Лена засмотрелась на него: загорелое лицо с белым лбом и черными глазами напомнило ей лицо мужа.
— Лена! — сказала Ольга Михайловна. — Поправь подушку лейтенанту.
Она отошла. Лена подняла подушку, заглянула в черные недобрые, страдальческие глаза…
— Это тебя Леной зовут? — спросил Глушков.
— Да, — ответила она.
Он посмотрел на нее, и взгляд его стал мягче.
— Курносенькая, — сказал он и запнулся. — У меня сестру тоже Леной зовут… — И замолчал.

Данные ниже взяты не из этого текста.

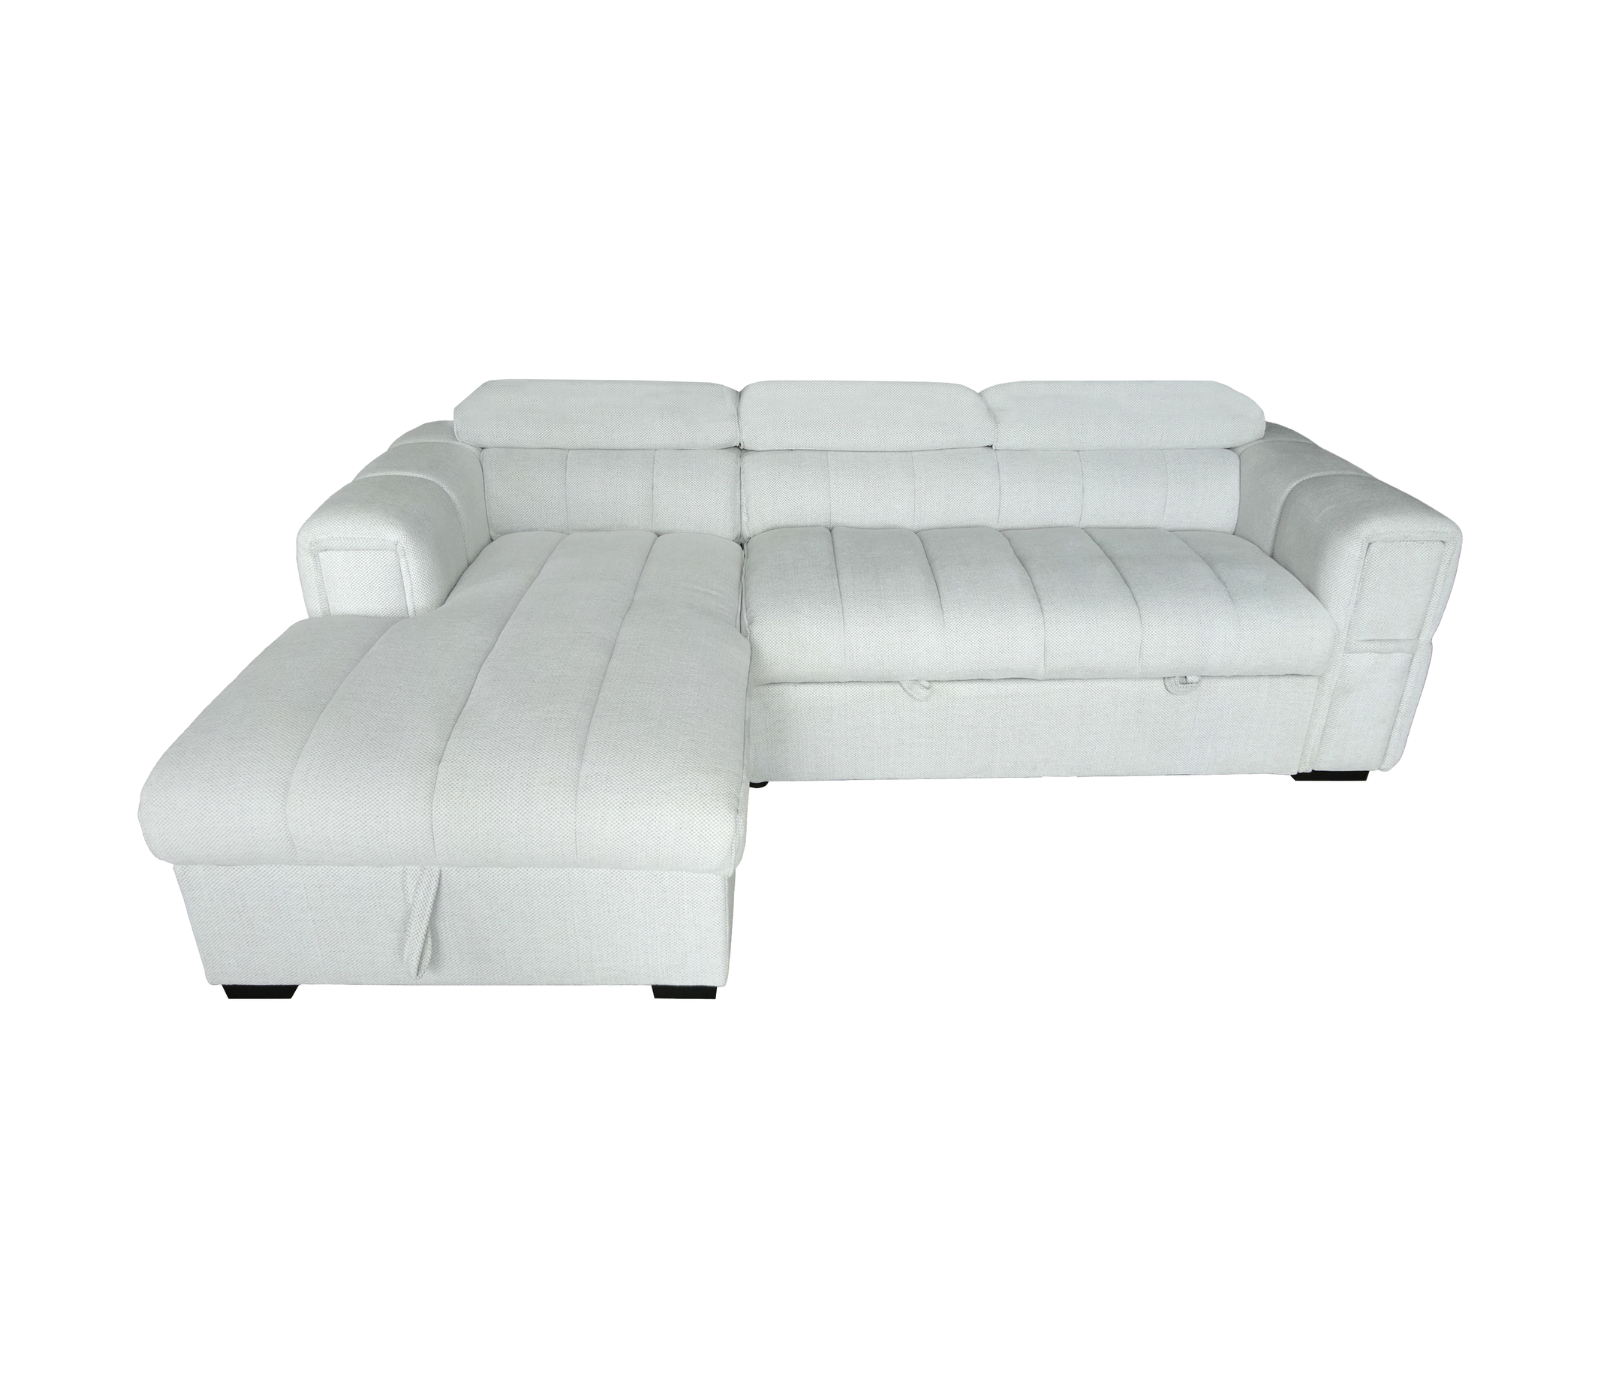 Michelin 2 Piece Sectional w/ Pull-Out Sleeper - Mare White Fabric

Ее позвали к другой койке. Она подавала раненым судно, уговаривала их пить кипяченую воду, стирала мокрой тряпкой пыль, оправляла постели, на стоянке, по просьбе раненых, сбегала на станцию и купила ведро малины. Веселый капитан, толстяк в гипсовом корсете, с прибаутками делил малину и Лене дал полную баночку.
В обед она опять подошла к Глушкову.
— Ешьте! — сказала она. — Это же индивидуальный обед, специально для вас военфельдшер заказала. Баранина с помидорами. А на ужин вам будут творожники. Ешьте!

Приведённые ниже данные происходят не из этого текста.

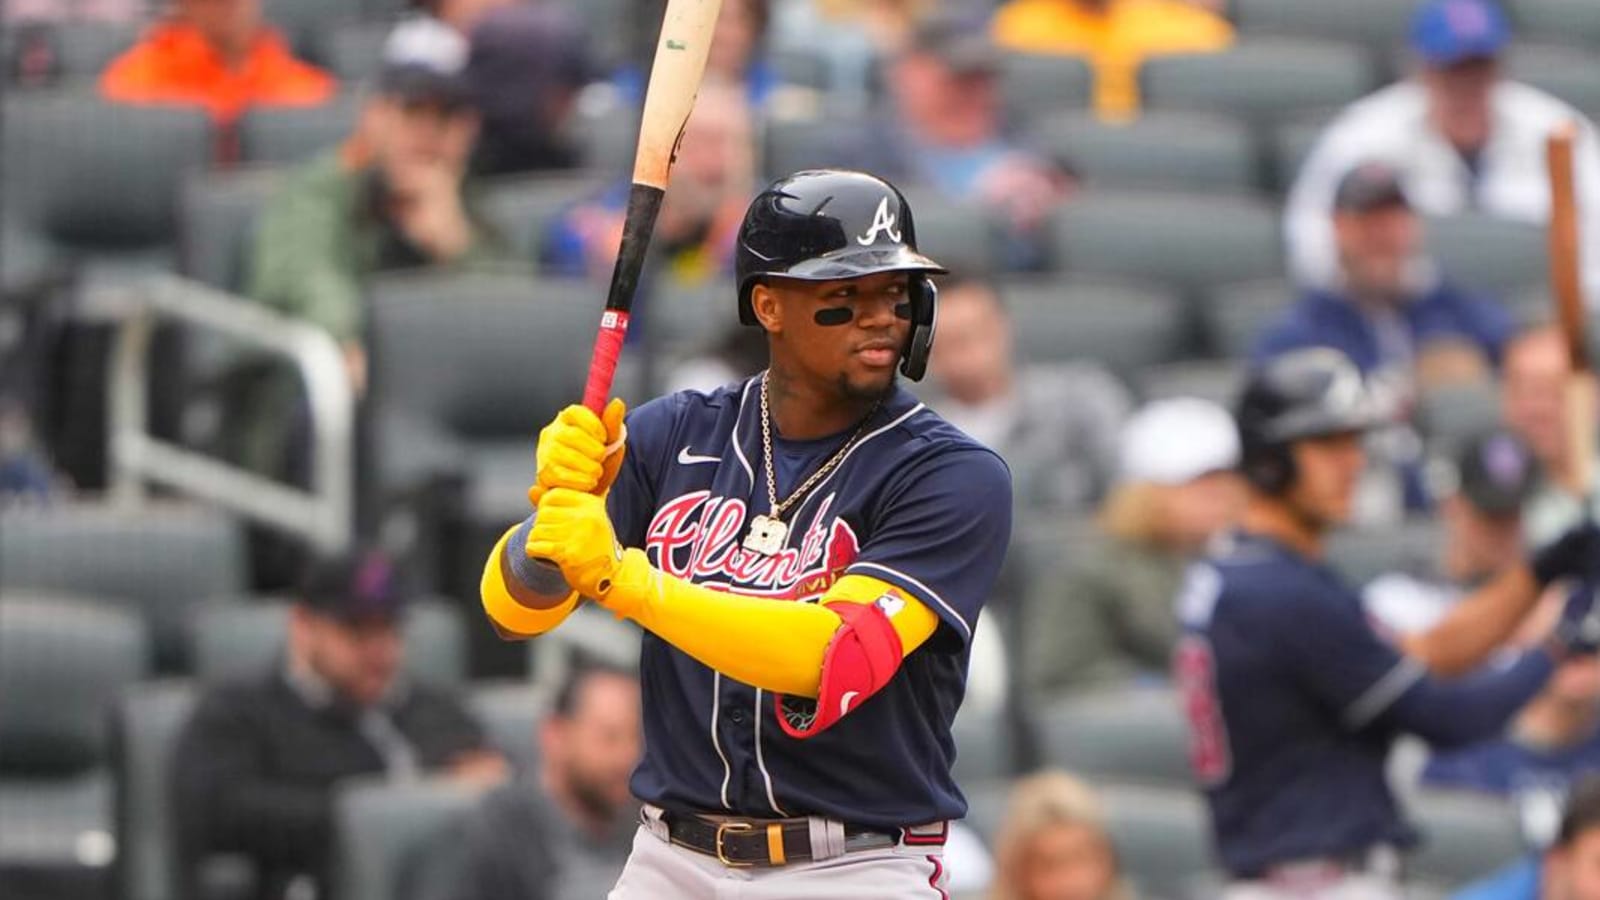 WATCH: Ronald Acuña Jr. throws out runner at third with right

— Я ем, ем, — нетерпеливо сказал он и положил в рот ломтик помидора. — Постой, курносенькая, не уходи, все время ты уходишь. Я буду есть при тебе.
— Хорошо, — сказала она и села рядом.
— Вы не едите, — сказала она немного погодя. — Вы только делаете вид. Вам нужно есть.
— Чтобы жить, что ли? — спросил Глушков.
— Ну, конечно. Чтоб жить.
— Я соврал про сестру, — сказал Глушков. — Она мне не сестра. Мы хотели пожениться. Теперь за другого пойдет… Ну, это наплевать. Это мне меньше всего, как говорится… Съешь эту индивидуальную баранину, если хочешь. Я не буду.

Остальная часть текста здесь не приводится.